Updated Tue. Apr. 25 2006 11:29 PM ET
CTV.ca News Staff
The Bank of Canada boosted its trend-setting overnight rate by a quarter of a percentage point to four per cent on Tuesday.
The latest hike will impact the prime interest rate charged by commercial banks, affecting variable mortgage rates, as well as the cost of car loans and lines of credit.
This marks the sixth consecutive rate increase by the Bank of Canada since last summer -- when it was 2.5 per cent -- and some are wondering how many more rate hikes could be on the way.
In its statement today, central bankers said 'some modest further increase in the policy interest rate may be required to keep aggregate supply and demand in balance and inflation on target over the medium term.'
The Bank of Canada said the global economy is strong. 'At the same time, global competition and the past appreciation of the Canadian dollar continue to pose challenges for a number of sectors of the economy.'
Meanwhile, the core inflation rate appears to be staying within the central bank's target band of one to three per cent. Data released last week shows core inflation held steady at 1.7 per cent in March.

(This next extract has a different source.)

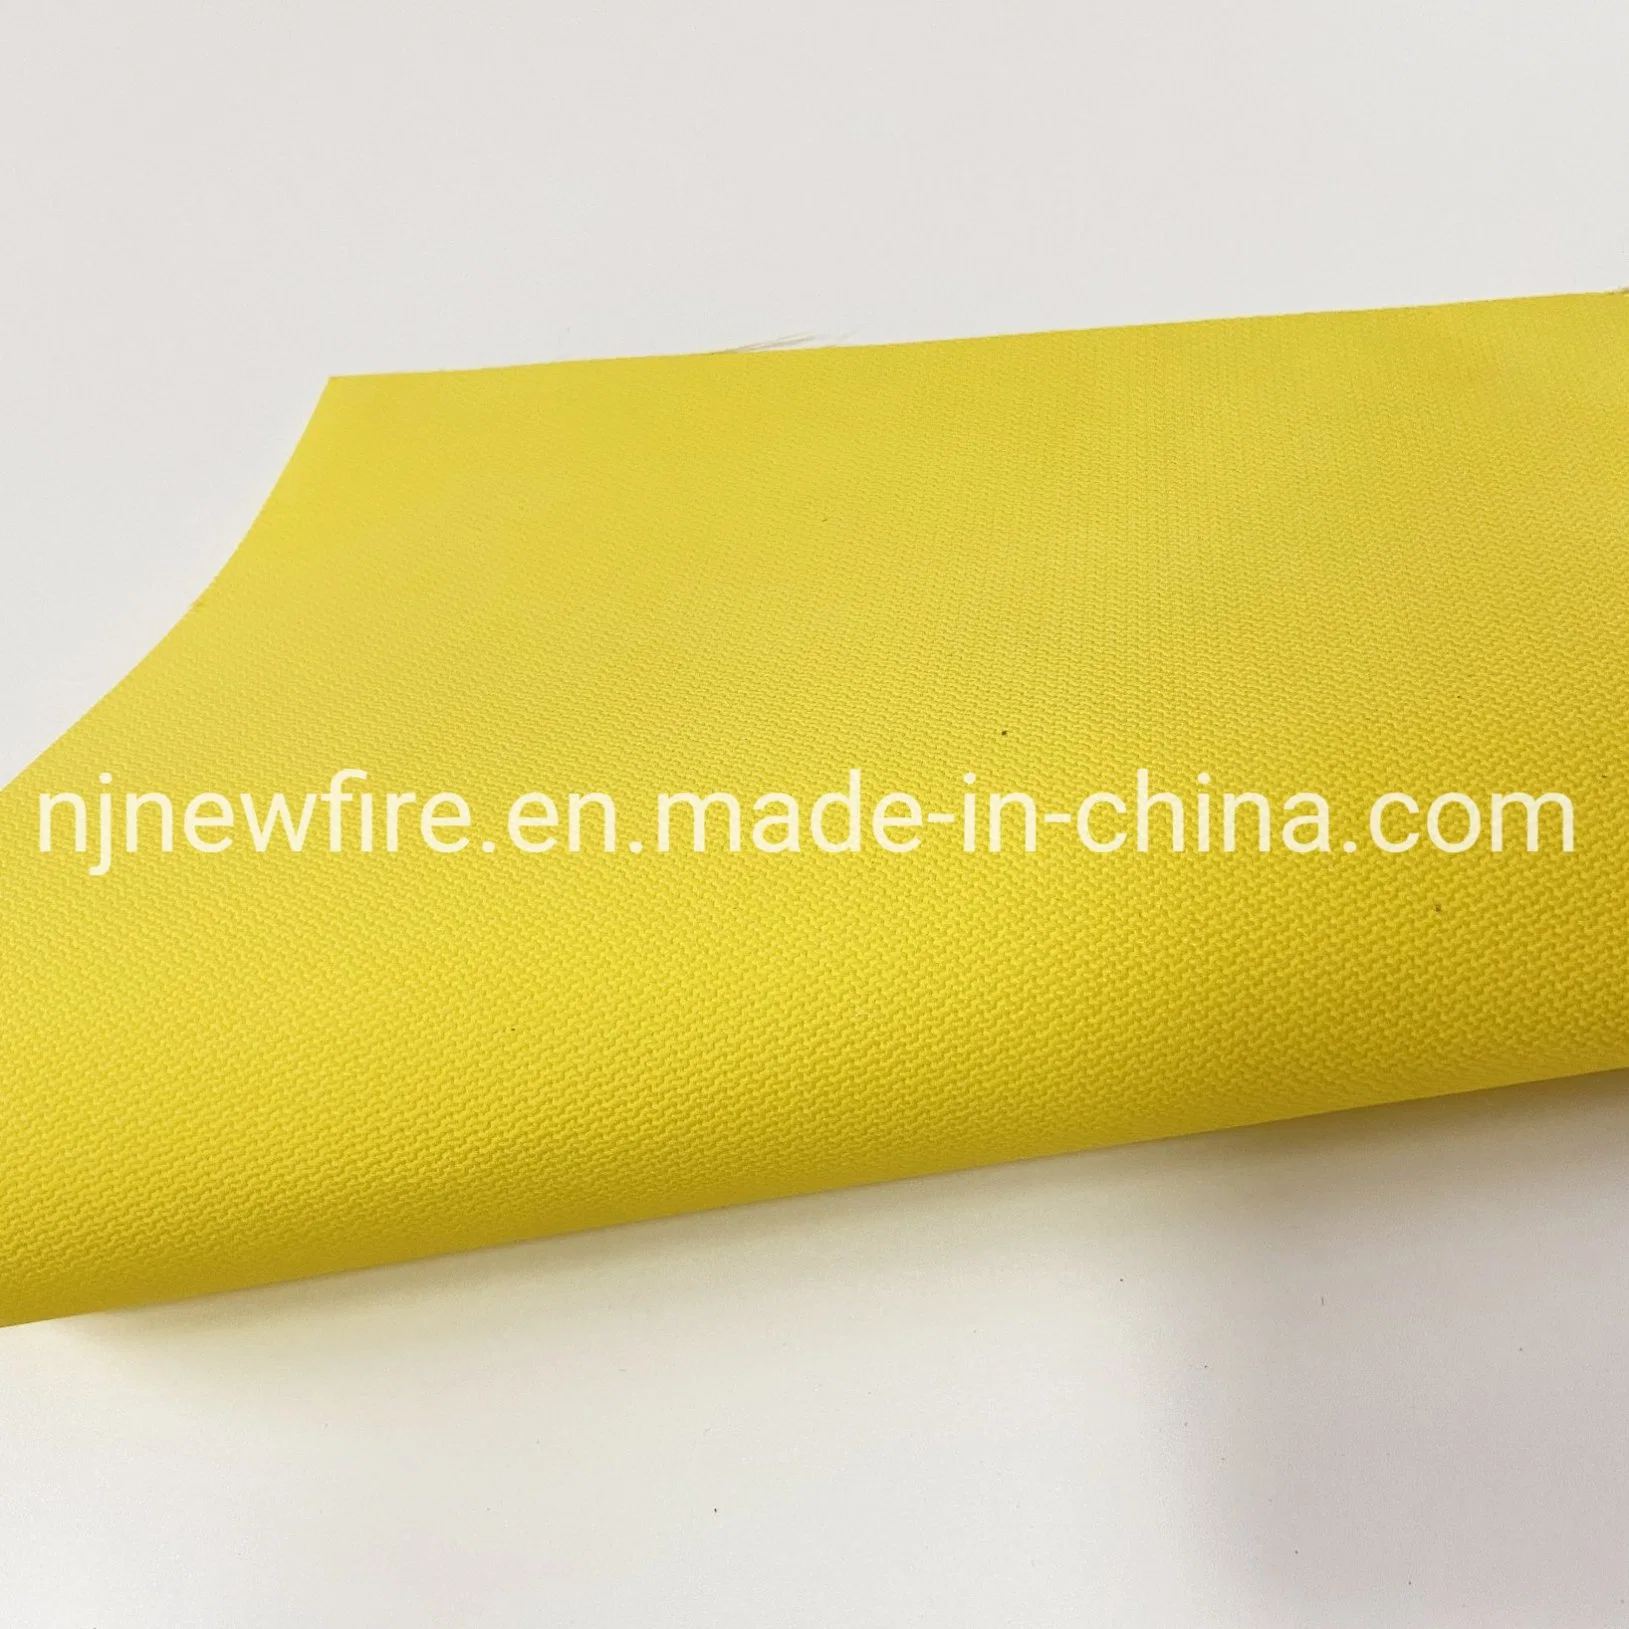 Fabricante de fibra de vidrio de alta calidad de caucho de silicona de malla de fibra de vidrio con doble recubrimiento Calendred tejido retardante de fuego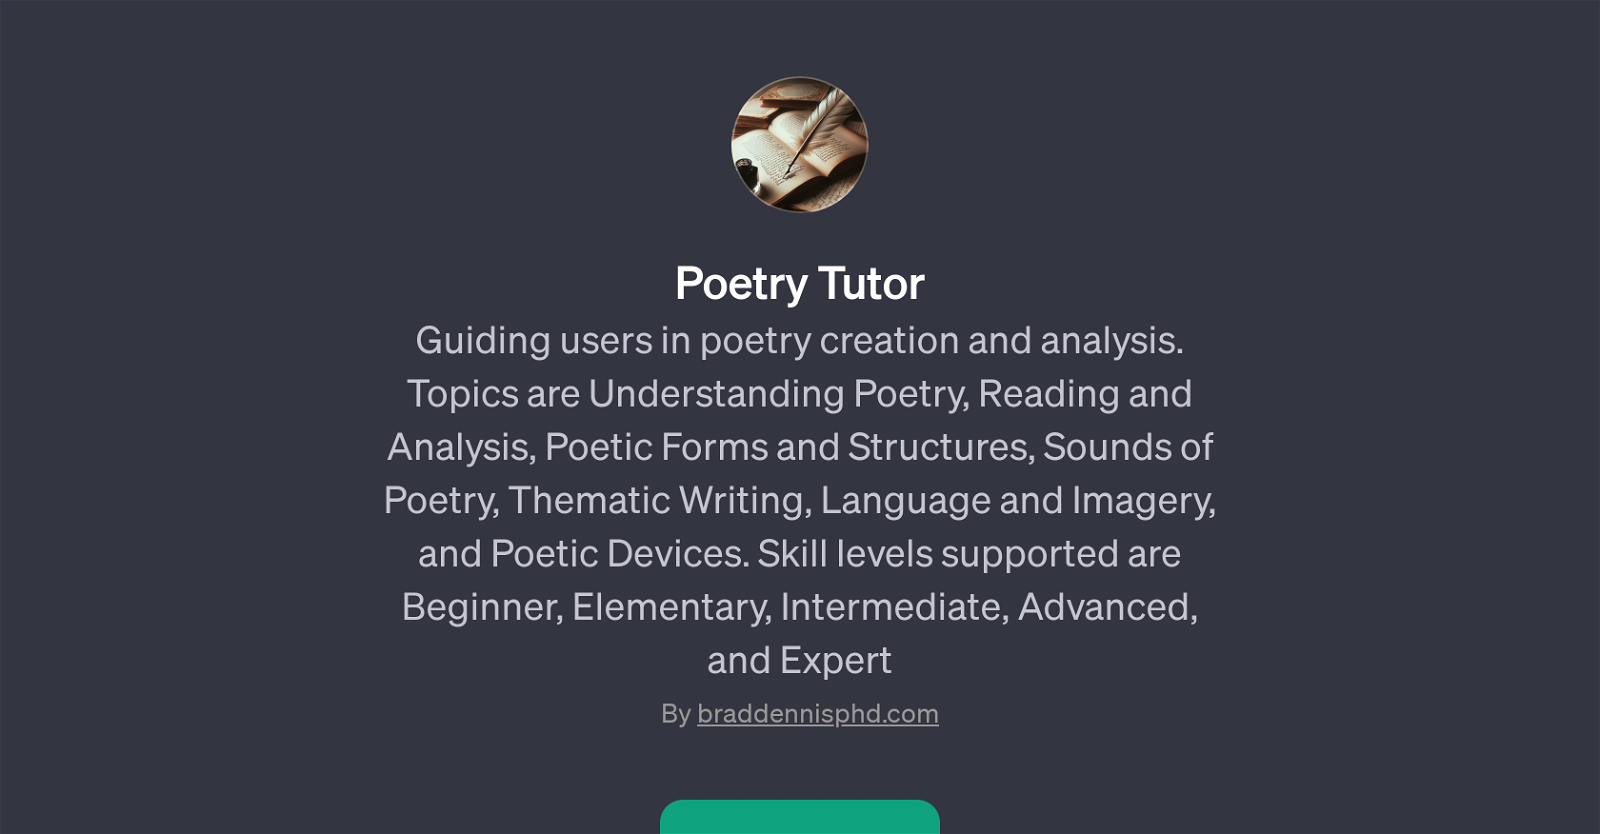 Poetry Tutor website

Canada's annual inflation rate remained unchanged at 2.2 per cent in March as higher gasoline prices were offset by lower prices for computer gear and clothing.
'Against this backdrop, the Bank decided to raise its target for the overnight rate,' said central bankers.
CTV's business editor Linda Sims said this probably means at least one rate hike is likely on the way. However, the rate is still quite low, compared to historic levels.
'We have got good job growth and decent economic growth in this country," Sims told CTV Newsnet.
"It will not put much of a crimp on the economy, including the housing market, going forward."
The next announcement on the overnight rate is scheduled for May 24.
Looking forward, the Bank of Canada predicts the Canadian economy will grow by 3.1 per cent in 2006, 3.0 per cent in 2007, and 2.9 per cent in 2008.